Я был поражен. Совершенно невероятно, чтобы человек, некогда учившийся в Малверн-Хаусе, Брамли-он-Си, мог смеяться, пусть и беззвучно, вспоминая об этом прохвосте. Все равно что смеяться над инопланетными монстрами, которым нас в последнее время пугают с киноэкрана.

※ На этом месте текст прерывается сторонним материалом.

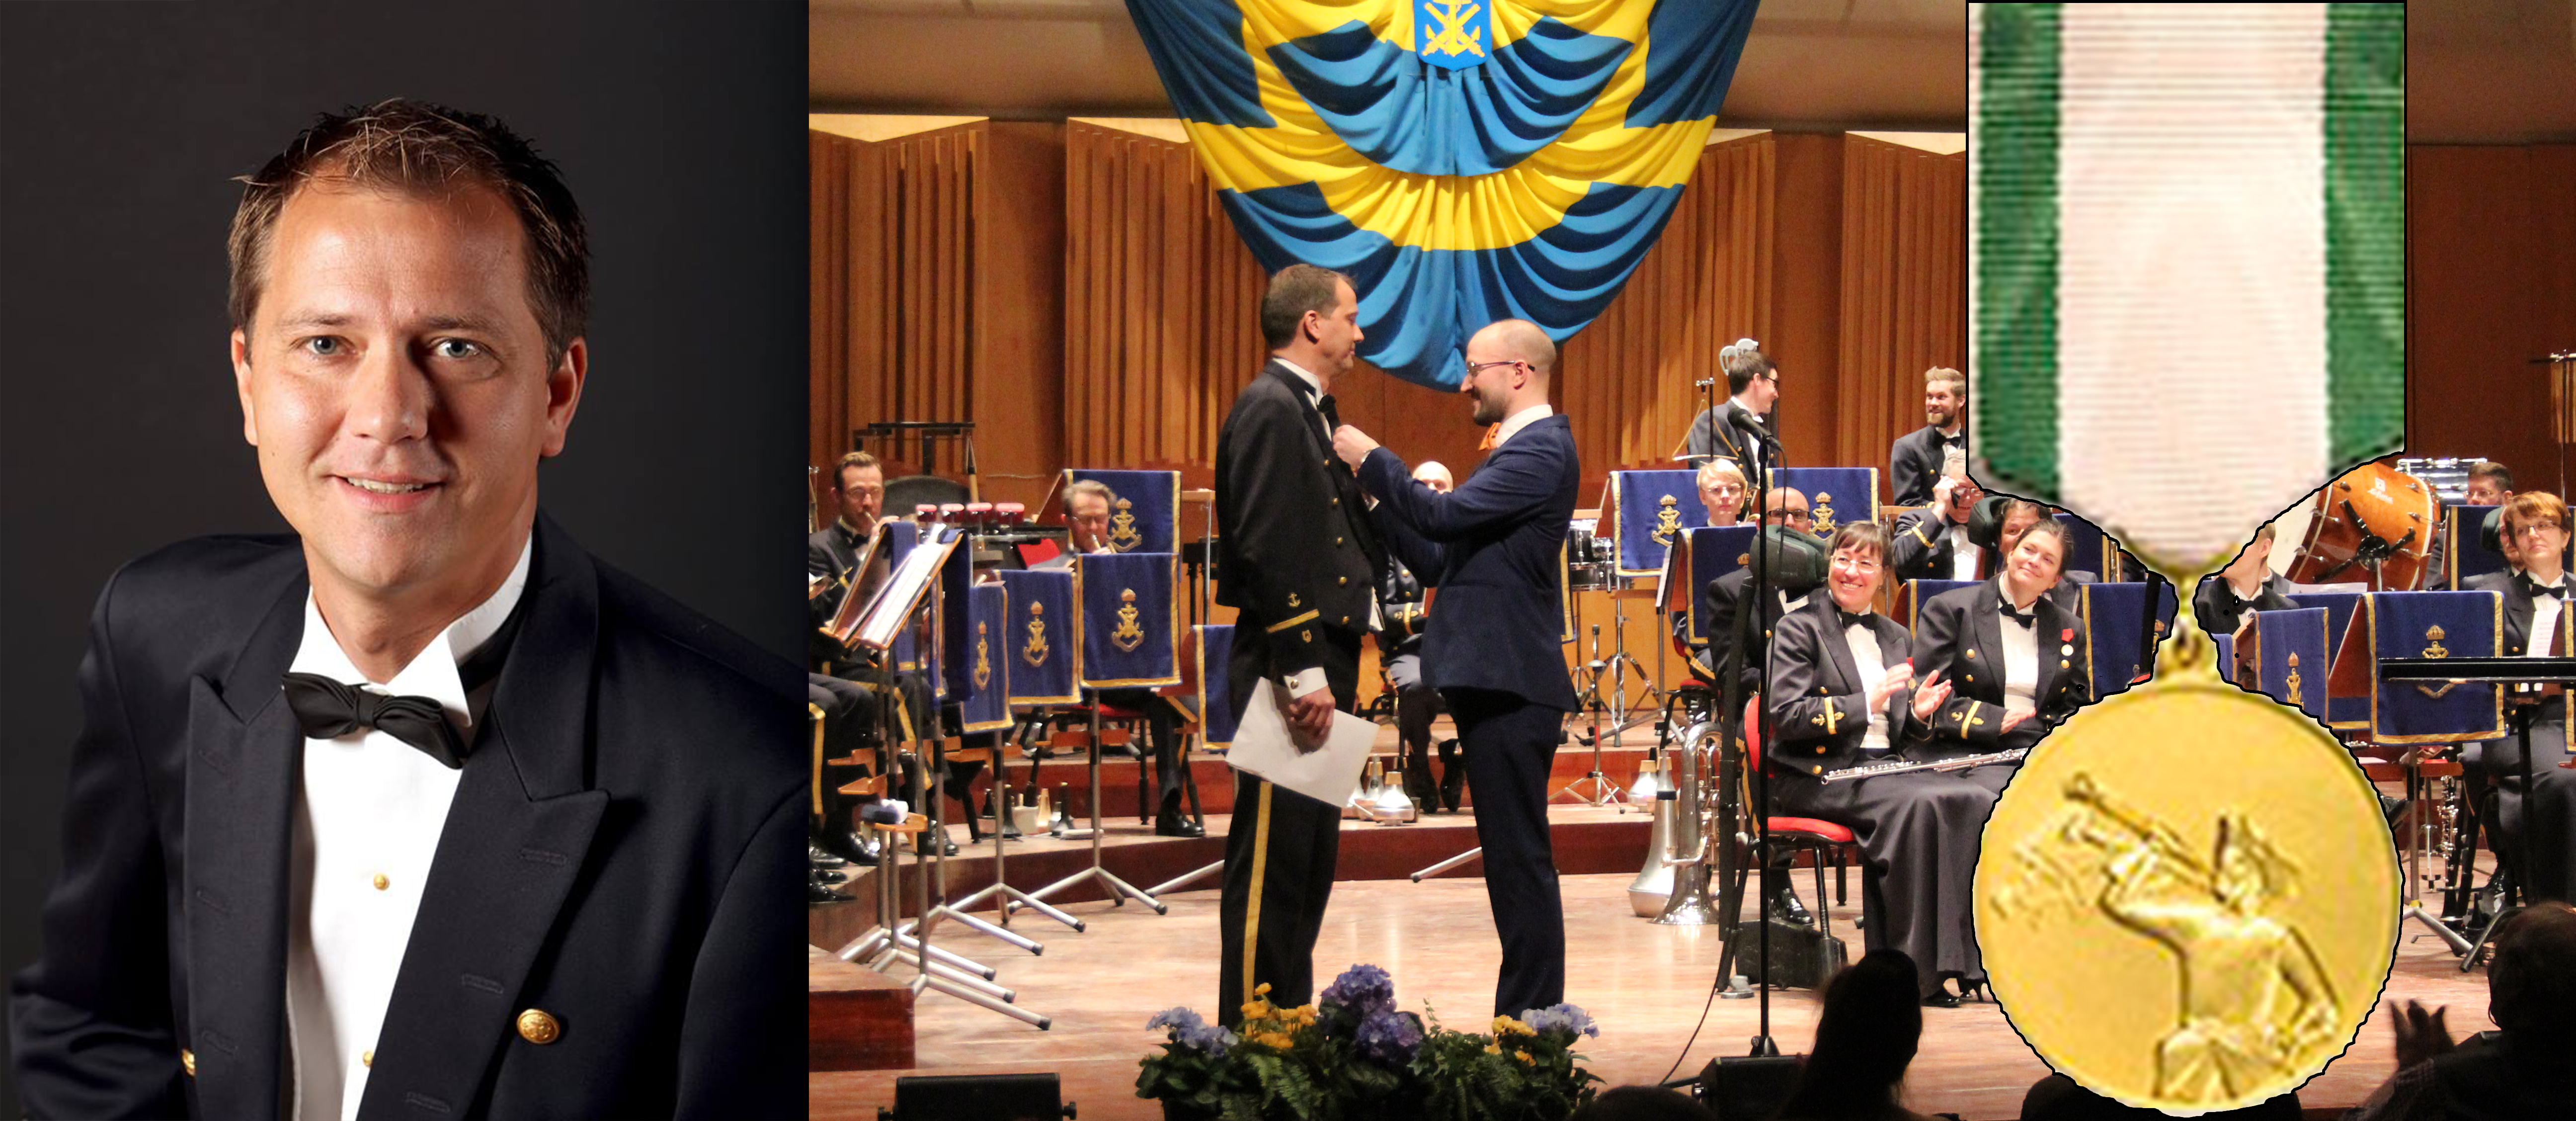 Pro musica militare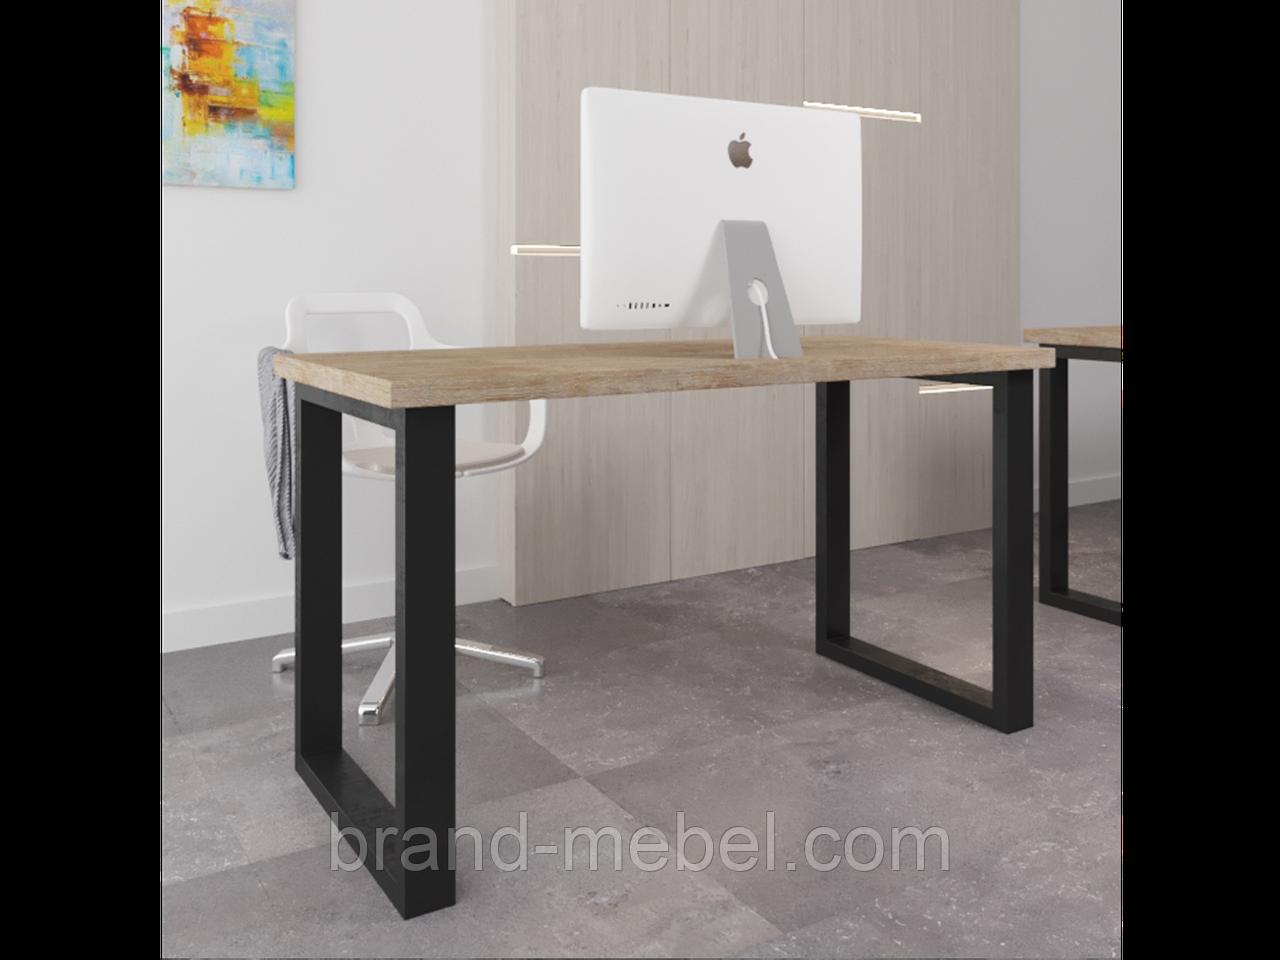 Стіл обідній Спот Оверхед (стол обеденный) в стилі Лофт Loft

- Завидую я тебе, Берти, - продолжал он, по-прежнему давясь от смеха. - Тебя ждет фантастическое удовольствие. Ты будешь присутствовать на завтраке в тот день, когда Апджон раскроет свежий номер "Рецензий по четвергам" и начнет просматривать рубрику, посвященную литературным новинкам. Должен тебе сказать, что среди книг, которые поступили к нам в редакцию, было и его сочинение - тоненькая брошюрка, в которой он превозносит роль приготовительных школ. Годы, которые мы провели в его школе, пишет он в этой книжонке, не только способствовали формированию гармоничных личностей, но и были самыми счастливыми в нашей жизни.
- Вот гад!
- Ему и в голову не приходило, что его детище попадет на рецензию к бывшему каторжанину из Малверн-Хауса. Послушай меня, Берти, это необходимо знать всякому молодому человеку. Не будь подонком: сколько бы подонок ни благоденствовал, все до поры до времени. Рано или поздно придет час расплаты. Вряд ли необходимо говорить тебе, что я камня на камне не оставил от омерзительной брошюрки. Мысль о воскресных сосисках наполняла мою душу праведным гневом Ювенала.
- Гневом кого?
- Неважно, ты его не знаешь. Давным-давно умер. Я ощутил прилив творческих сил. Обычно на подобную книгу я отвожу полторы строчки в колонке "Последние новинки", но этой я посвятил шестьсот слов вдохновеннейшей прозы. Вот почему я считаю, что тебе сказочно повезло - ведь ты сможешь увидеть его физиономию, когда он будет их читать.
- С чего ты так уверен, что он их прочтет?
- Он наш подписчик. В разделе "Нам пишут читатели" было опубликовано его письмо, где он особо подчеркивает, что много лет выписывает наш журнал.
- А ты подписал заметку?
- Нет. Главный не любит, когда такая мелкая сошка, как я, пытается вписать свое имя в скрижали.
- И что, ты его там здорово отделал?
- По первое число. Так что внимательно следи за ним во время завтрака. Интересно, как он будет реагировать. Готов поспорить, краска стыда и раскаяния на его щеках зардеет.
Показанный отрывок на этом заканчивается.